Stanniocalcin-1 is a glycoprotein, a homologue of a hormone stanniocalcin, first discovered in bony fishes. In humans it is encoded by the STC1 gene.

== Function ==

This gene encodes a secreted, homodimeric glycoprotein that is expressed in a wide variety of tissues and may have autocrine or paracrine functions. The only known molecular function of human Stanniocalcin-1 to date is a SUMO E3 ubiquitin ligase activity in the SUMOylation cycle. However, STC1 interacts with many proteins in the cytoplasm, mitochondria, endoplasmatic reticulum, and in dot-like fashion in the cell nucleus. The N-terminal region of STC1 is the function region which is responsible to establish the interaction with its partners, including SUMO1. Low-resolution studies shows that STC1 is an anti-parallel homodimer in solution and the cysteine 202 is responsible for its dimerization. All the 5 disulfide bonds of human STC1 are conserved and have the same profile of fish STC. The gene contains a 5' UTR rich in CAG trinucleotide repeats.
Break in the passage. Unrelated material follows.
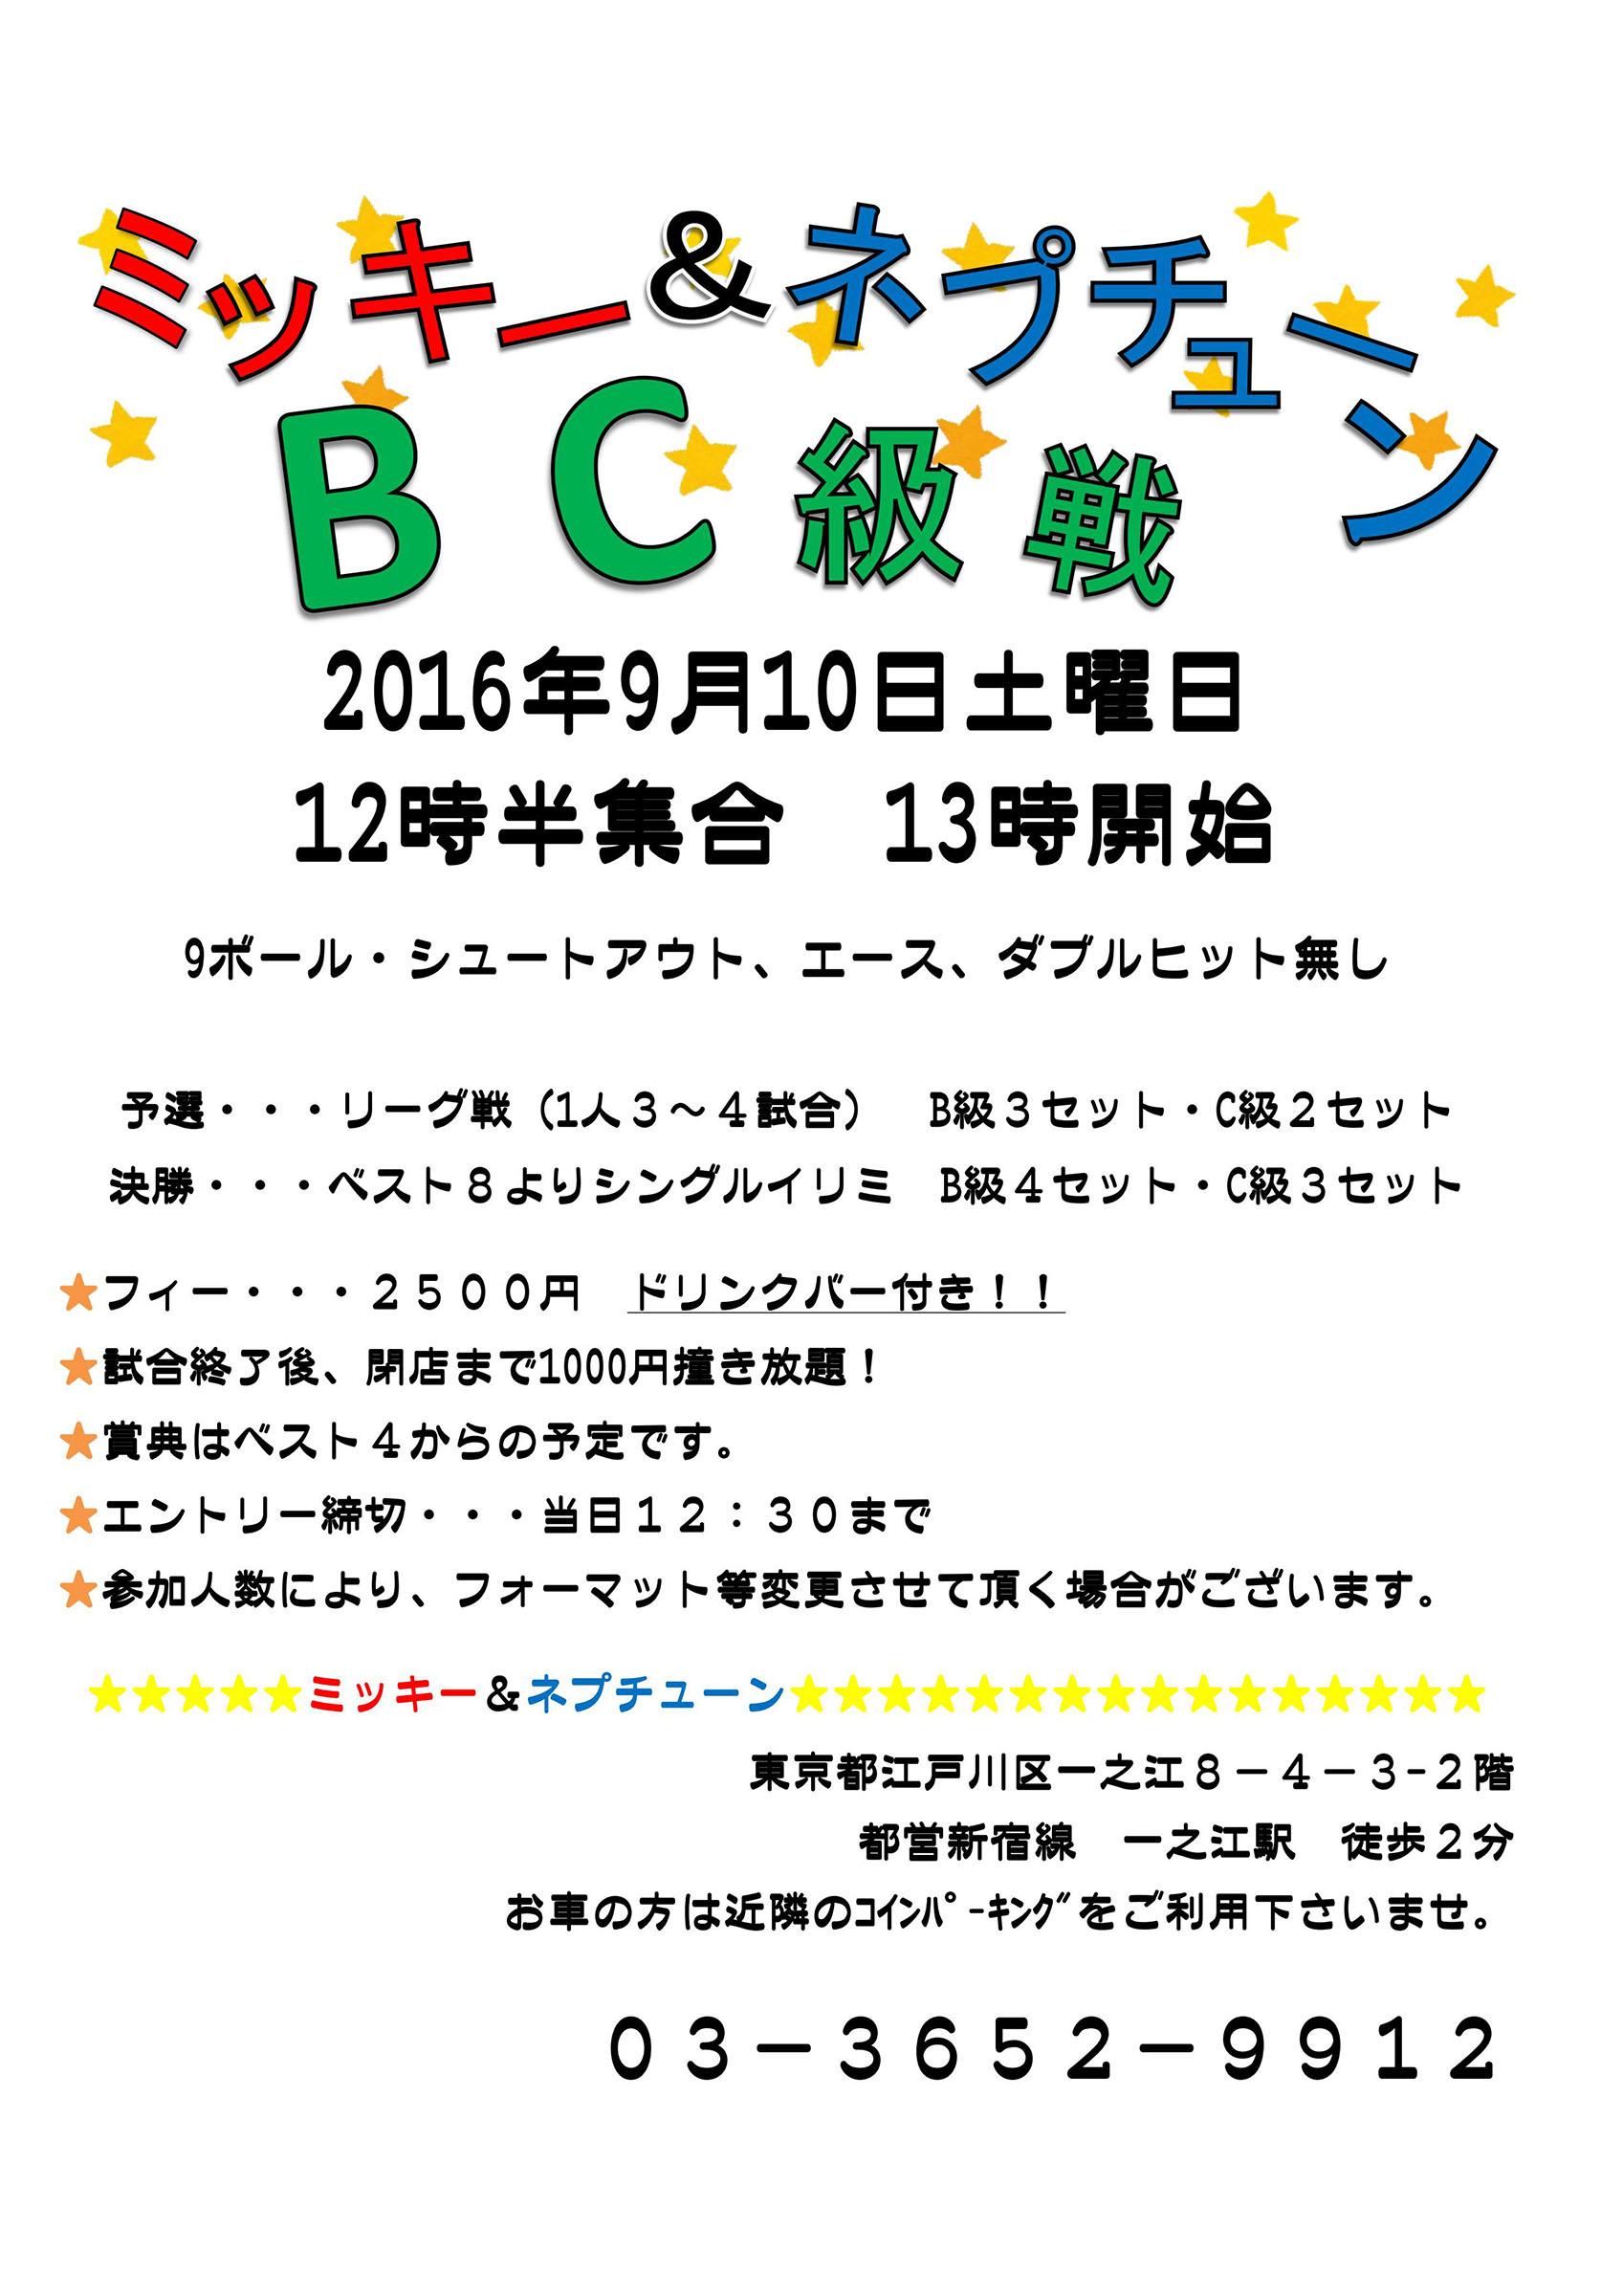 2016.9.10 BC要項_01

The encoded protein contains 11 conserved cysteine residues and is phosphorylated by protein kinase C exclusively on its serine residues.

The protein may play a role in the regulation of renal and intestinal calcium and phosphate transport, cell metabolism, or cellular calcium/phosphate homeostasis. Overexpression of human stanniocalcin 1 in mice produces high serum phosphate levels, dwarfism, and increased metabolic rate. This gene has altered expression in hepatocellular, ovarian, and breast cancers, and is a putative molecular biomarker of leukemic microenvironment.